When does neonatal jaundice completely disappear?
Neonatal jaundice is one of the most common conditions in newborns. Due to the metabolic characteristics of bilirubin in newborns, about 50%-60% of full-term infants and 80% of preterm infants experience jaundice. Jaundice is categorized into physiological jaundice and pathological jaundice. If it is physiological jaundice, the duration typically does not exceed two weeks in full-term infants, and in preterm infants, it can extend up to three to four weeks, generally not exceeding four weeks. If the jaundice progresses quickly and is severe, and if its resolution is delayed, there might be an underlying pathological jaundice. Pathological jaundice may involve certain pathological factors, necessitating a hospital visit. Based on the baby’s specific conditions, targeted examinations should be conducted, and treatment should focus on the underlying cause to actively manage the jaundice. The length of time jaundice takes to resolve may vary depending on the cause or the condition of the baby. How the jaundice subsides depends on the condition. If pathological jaundice is not promptly managed, the severity of the jaundice may increase, and there may be a risk of severe complications. Therefore, if the jaundice level is high and parents are unsure, it is advised to have it checked at a hospital. If pathological jaundice is confirmed, timely intervention and treatment are necessary.
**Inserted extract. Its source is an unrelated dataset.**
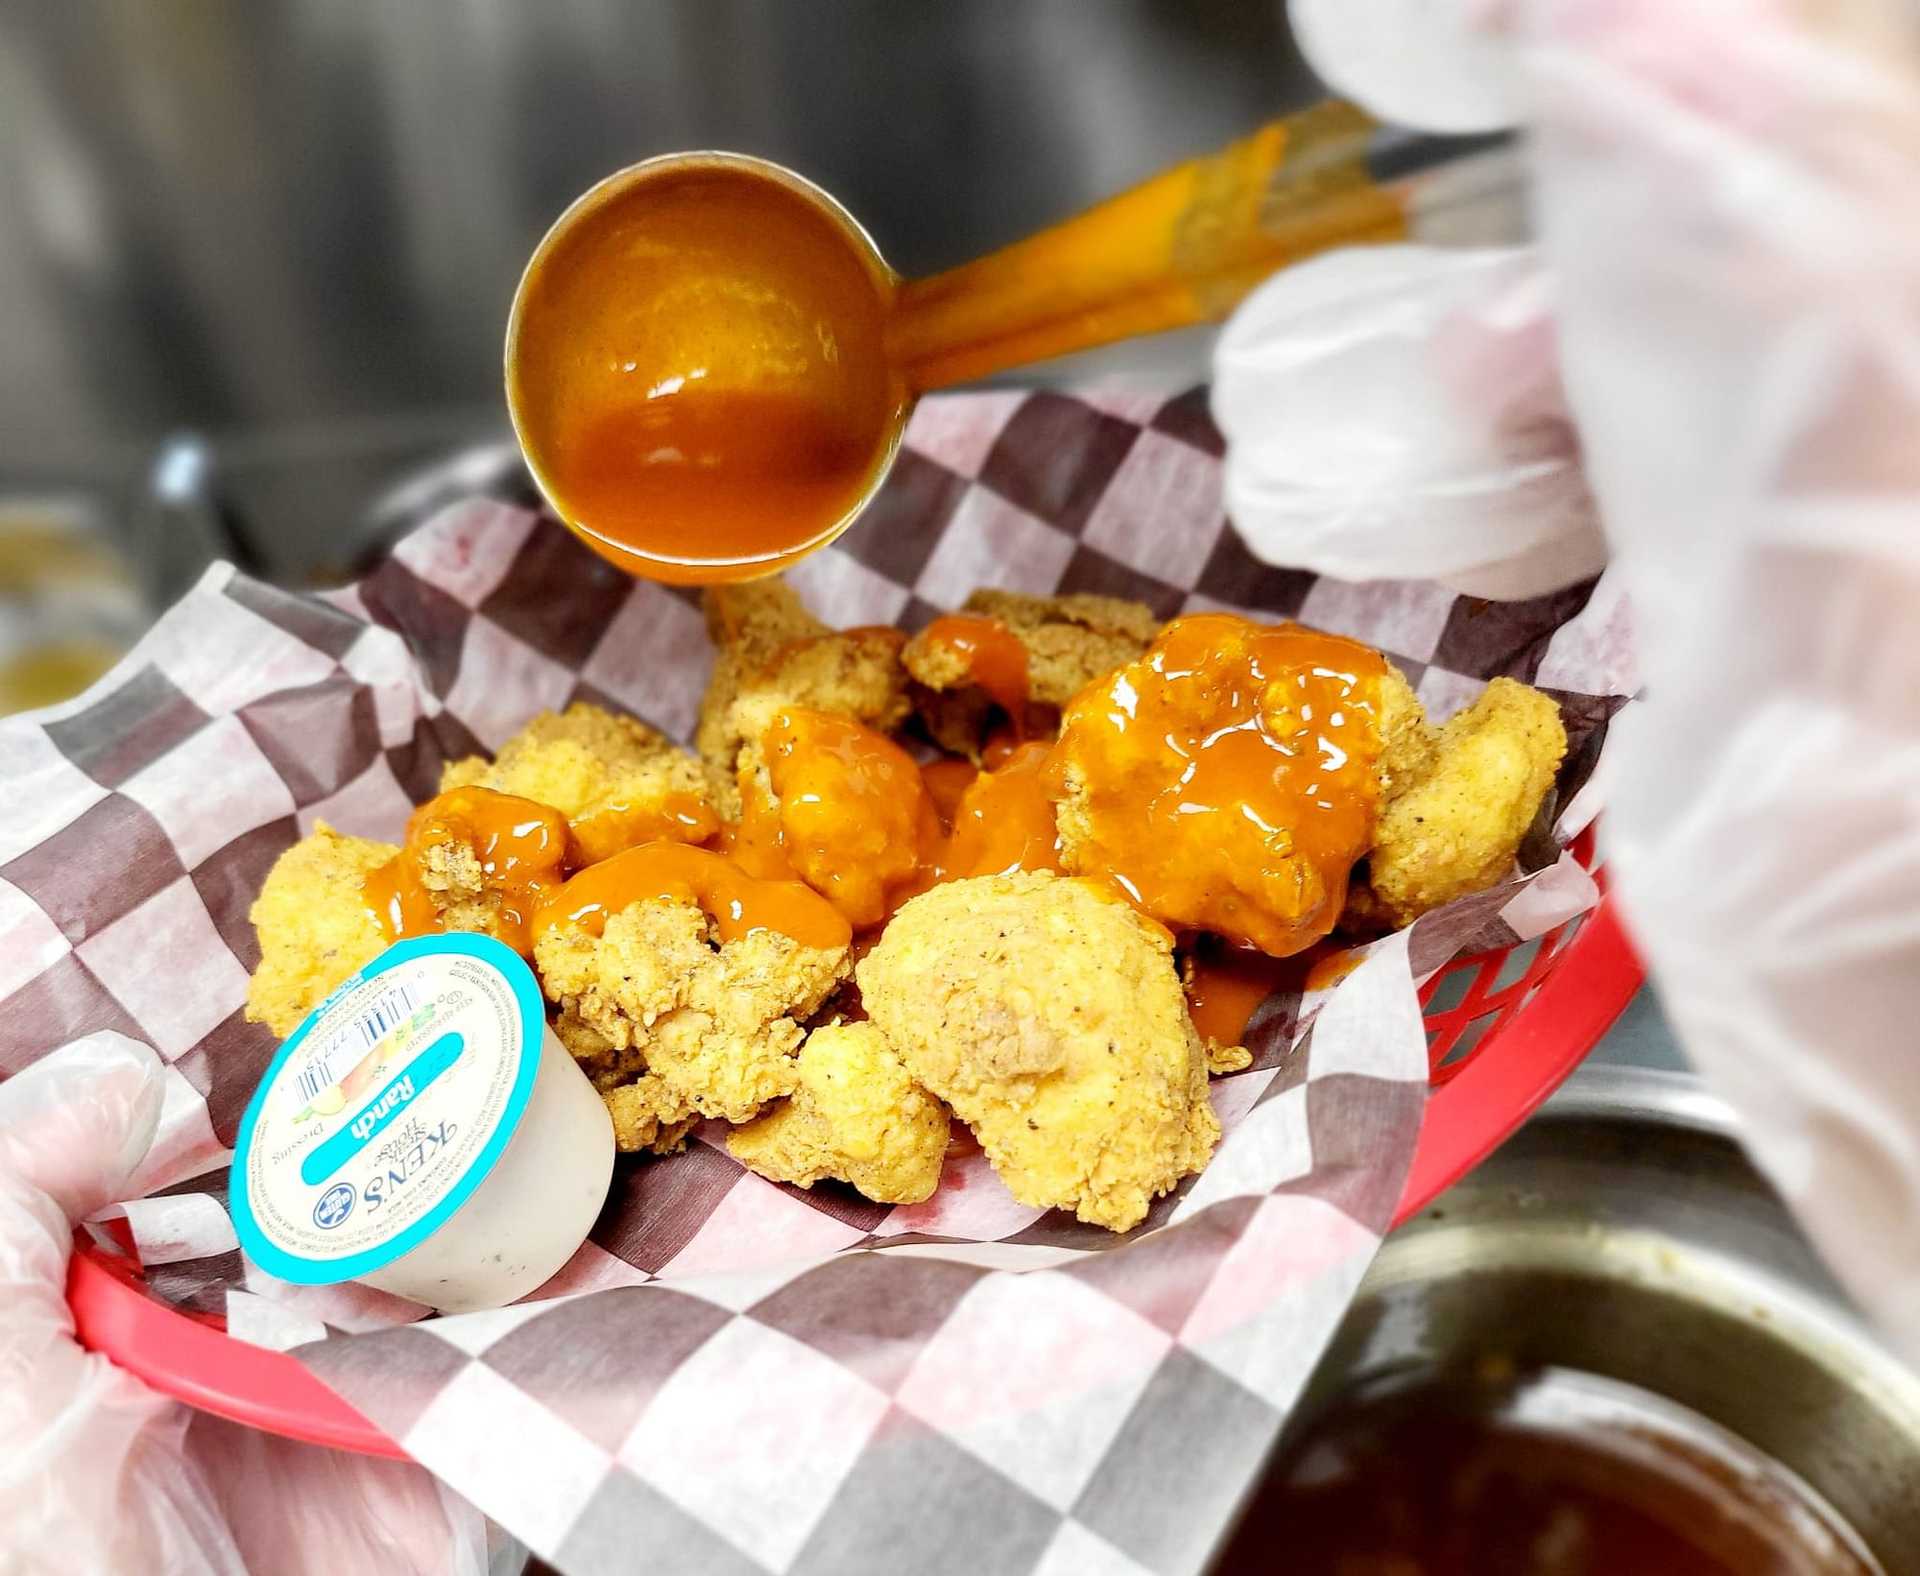 Chicken bites in a basket being drizzled with sauce, served with a side of dipping sauce.

Can rickets be inherited by the next generation?
Rickets, called vitamin D-deficiency rickets, is caused by a lack of vitamin D which leads to abnormal calcium and phosphorus metabolism in the body. This prevents calcium salts from properly depositing in the growing parts of the skeleton, resulting in incomplete mineralization of bone tissue during growth. It produces a systemic, chronic nutritional disease characterized by skeletal lesions and closely related to lifestyle. The primary causes of rickets are due to a combination of factors leading to vitamin D deficiency. Feeding methods, cod liver oil supplementation, living environment, time spent outdoors, recurrent respiratory infections, maternal calcium deficiency during pregnancy, and the season of birth are all significant contributing factors to the incidence of rickets. Generally, most cases of rickets are not inherited to the next generation. However, if there is a clear hereditary disease causing insufficient levels of vitamin D, it could potentially be inherited by the next generation.